Ce que l'on voit dans la Lune
Le point de départ n'est pas un récit mais un regard. Les grandes plaines sombres de la face visible dessinent, pour qui les regarde d'un certain œil, un animal accroupi aux longues oreilles. Toute l'Asie orientale y a vu un lièvre, quand l'Europe y a vu un visage.
La plus ancienne trace écrite est une question, et elle date des Royaumes combattants. Dans les Questions au ciel, le poète Qu Yuan demande ce que la Lune a de si particulier pour mourir et renaître chaque mois, et ce qu'elle gagne à porter un lièvre dans son ventre. La question suppose que la réponse est connue de tous : le lièvre est déjà là.
L'image se voit ensuite avant de se lire. Sur la bannière de soie peinte retrouvée dans la tombe numéro un de Mawangdui, sous les Han occidentaux, la Lune porte déjà le lièvre et le crapaud, l'un à côté de l'autre. Le lettré Liu Xiang, dans le Wujing tongyi, se demande d'ailleurs pourquoi les deux animaux cohabitent, et répond par la théorie des souffles : la Lune est yin, le crapaud est yang, et l'un se tient auprès de l'autre. Les Dix-neuf poèmes anciens emploient le couple comme un simple synonyme de la Lune : le quinze la pleine lune est ronde, le vingt le crapaud et le lièvre s'échancrent.

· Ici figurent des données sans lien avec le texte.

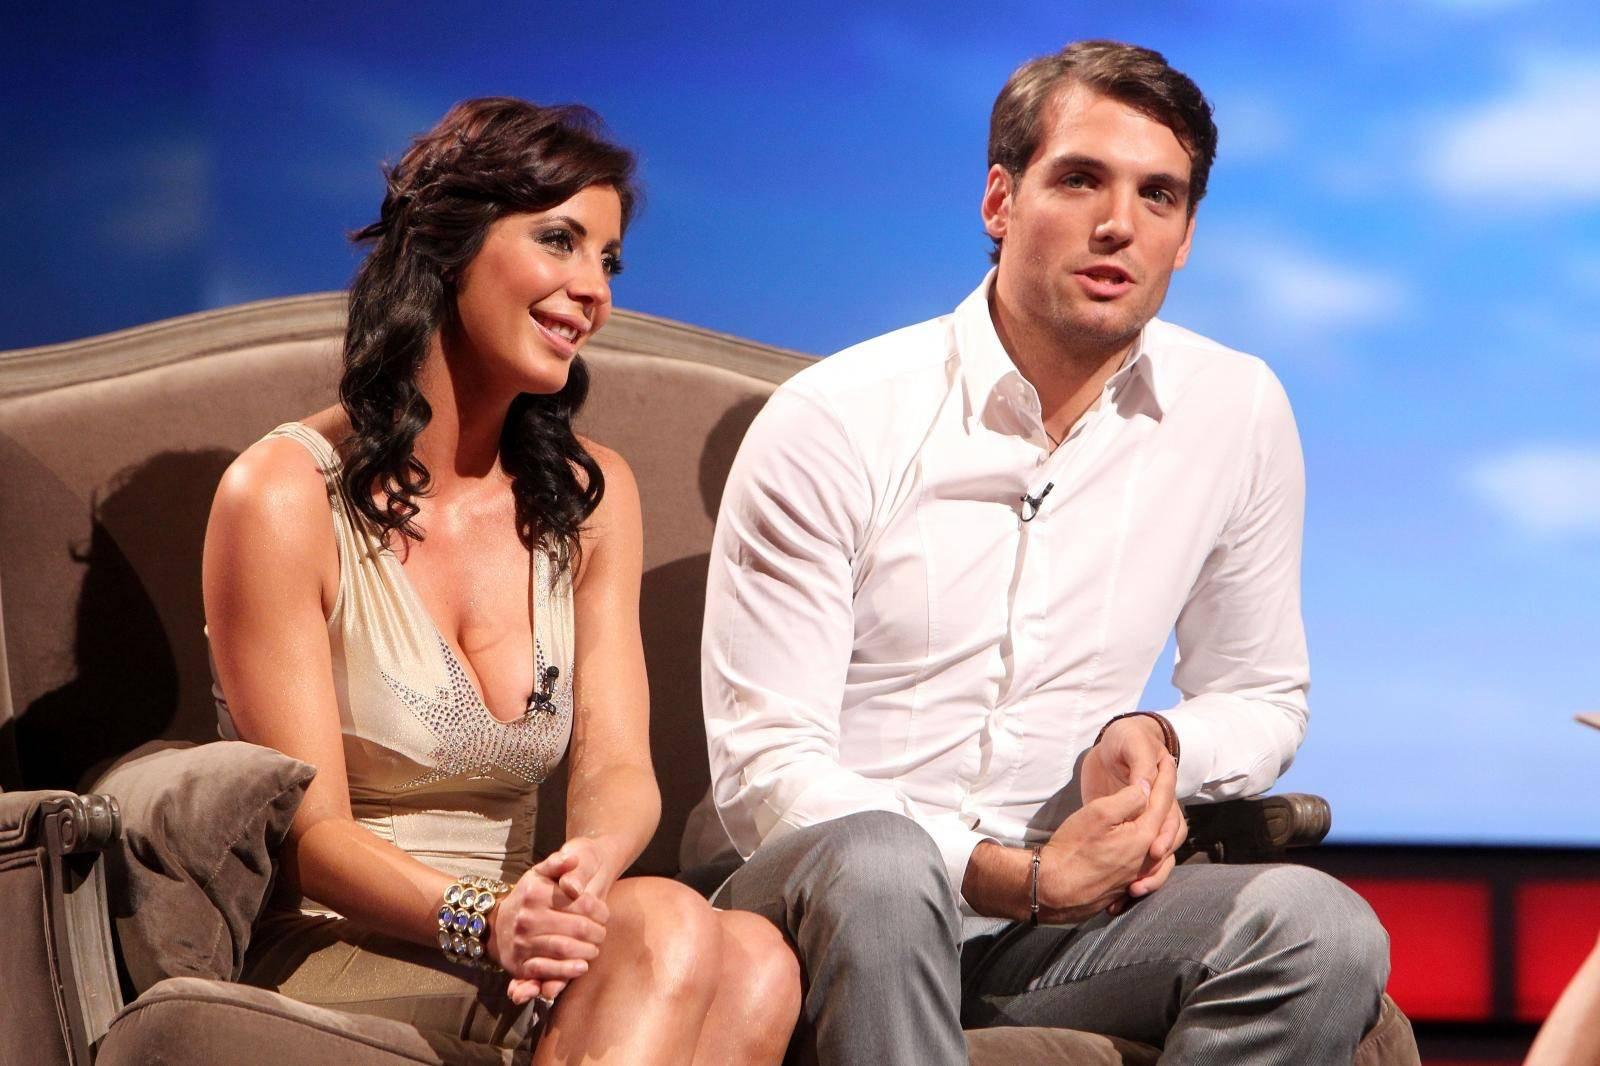 Ivana Paris o razvodu: Dino je iselio, sinovi su razlog za borbu
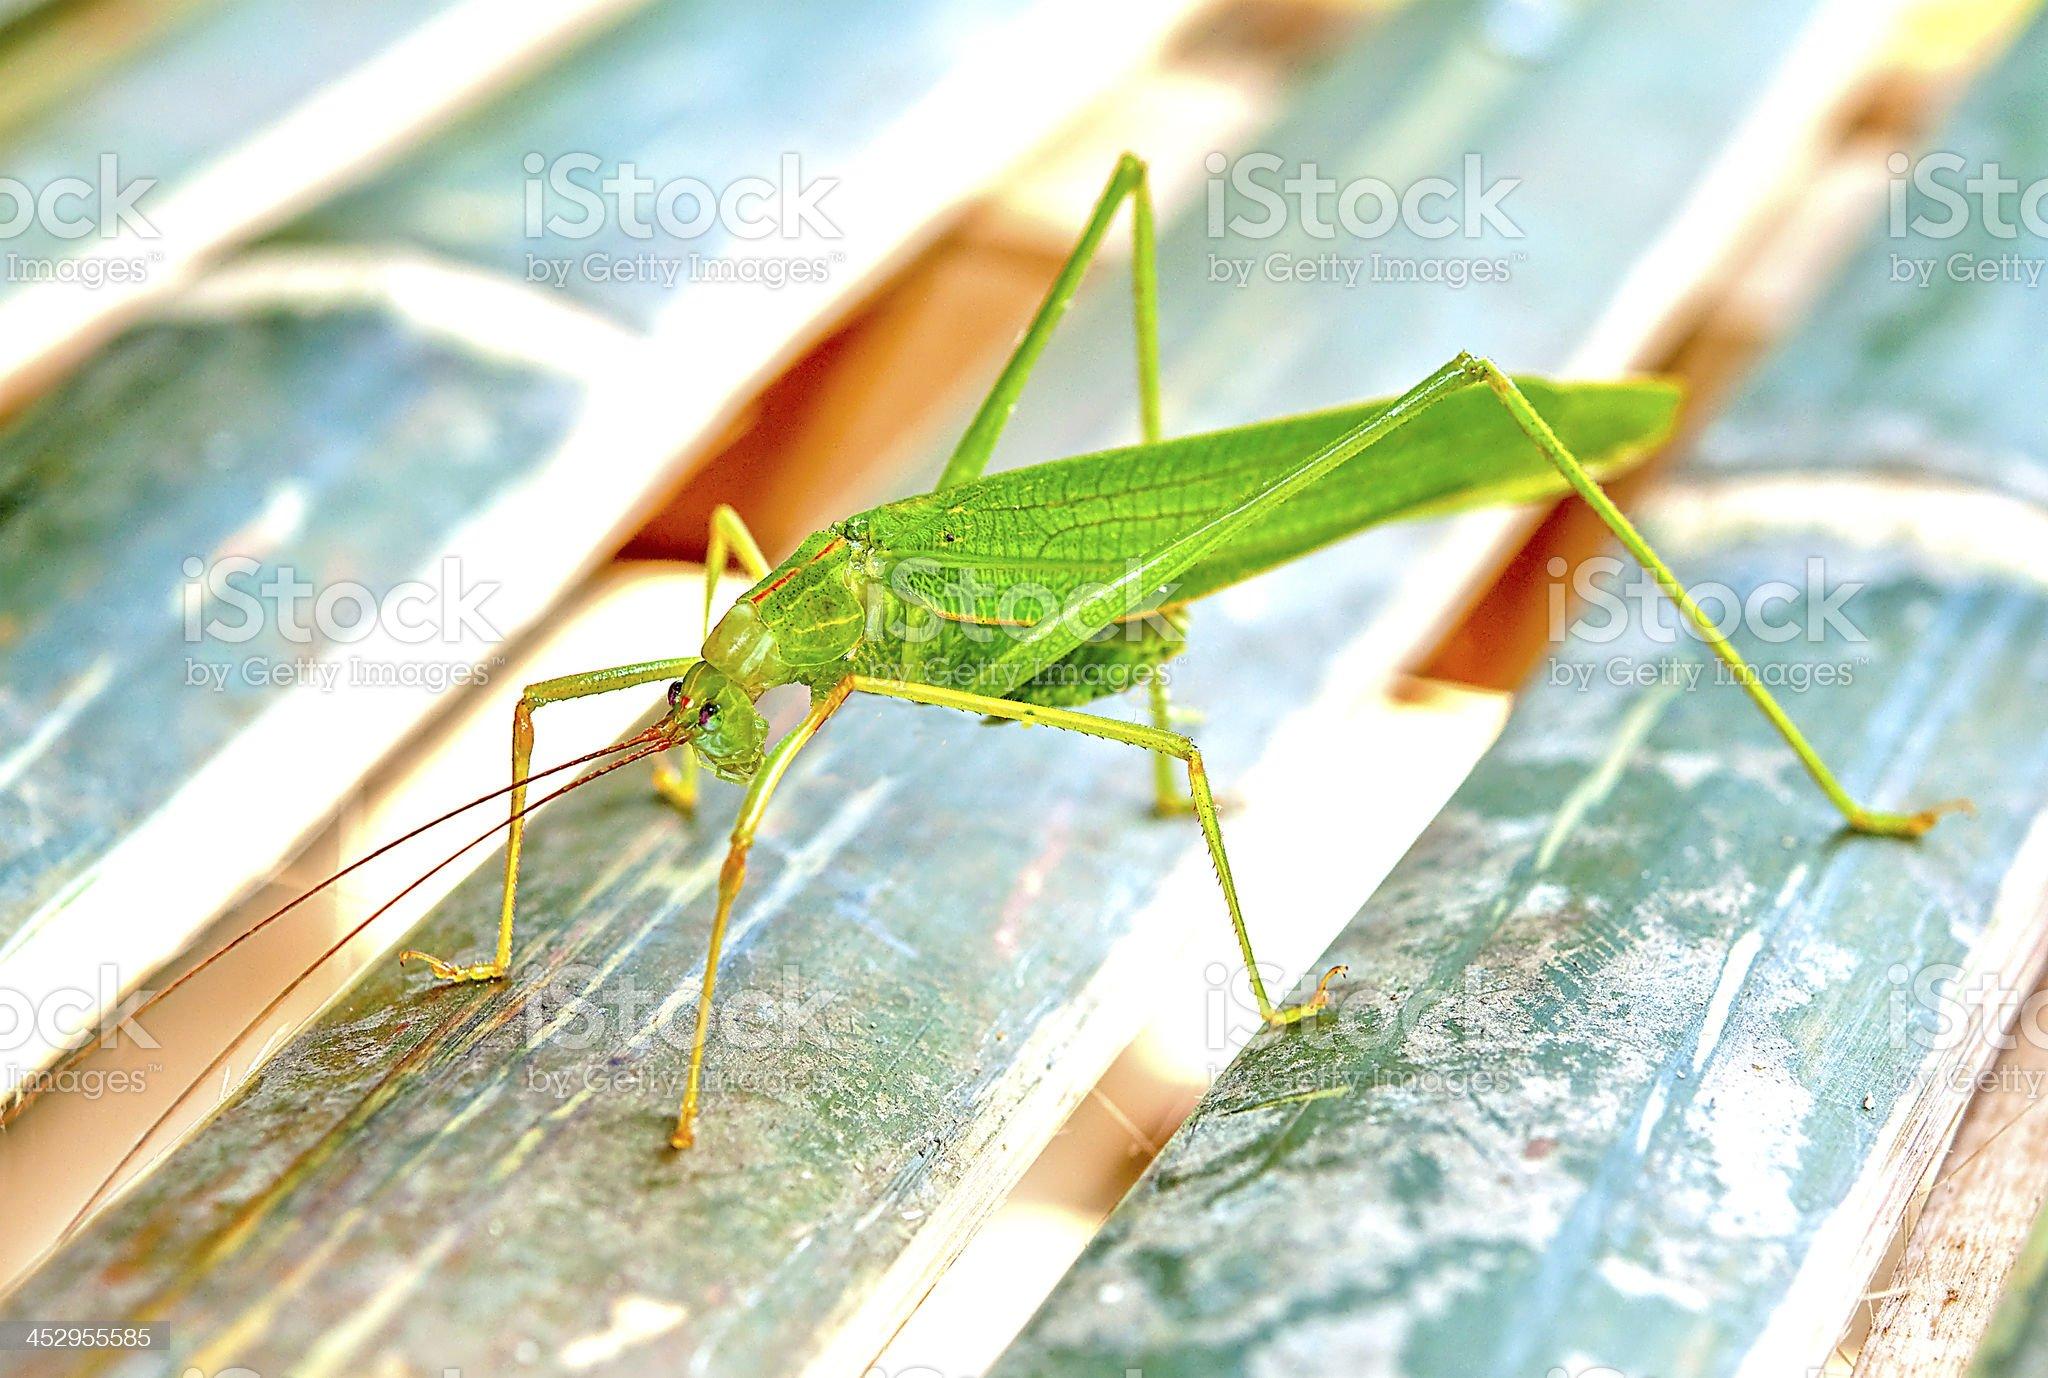 The Green grasshopper royalty-free stock photo

Le lièvre qui pile l'élixir
Ce que fait le lièvre est aussi fixe que sa présence. Il pile, dans un mortier, la drogue d'immortalité. Le motif se retrouve au dos des miroirs de bronze des Tang comme sur les laques des Ming, toujours identique : l'animal debout, le pilon levé, le mortier à ses pieds.
C'est cette occupation qui le rattache à la déesse. Celle qui a bu l'élixir et s'est envolée vers la Lune y trouve, ou y emmène selon les versions, l'animal qui le prépare. Les récits ne s'accordent pas sur l'ordre des choses, et cela n'a jamais gêné personne : le lièvre et la déesse forment un couple d'images plus qu'un récit suivi. L'histoire complète de la déesse est dans la fiche de Chang'E, déesse de la Lune.
Le détail change en traversant la mer. Au Japon et en Corée, le même lièvre lunaire pile non pas un remède mais une pâte de riz, et c'est le gâteau de riz gluant qui sort du mortier. Le geste est resté, son objet a changé de nature.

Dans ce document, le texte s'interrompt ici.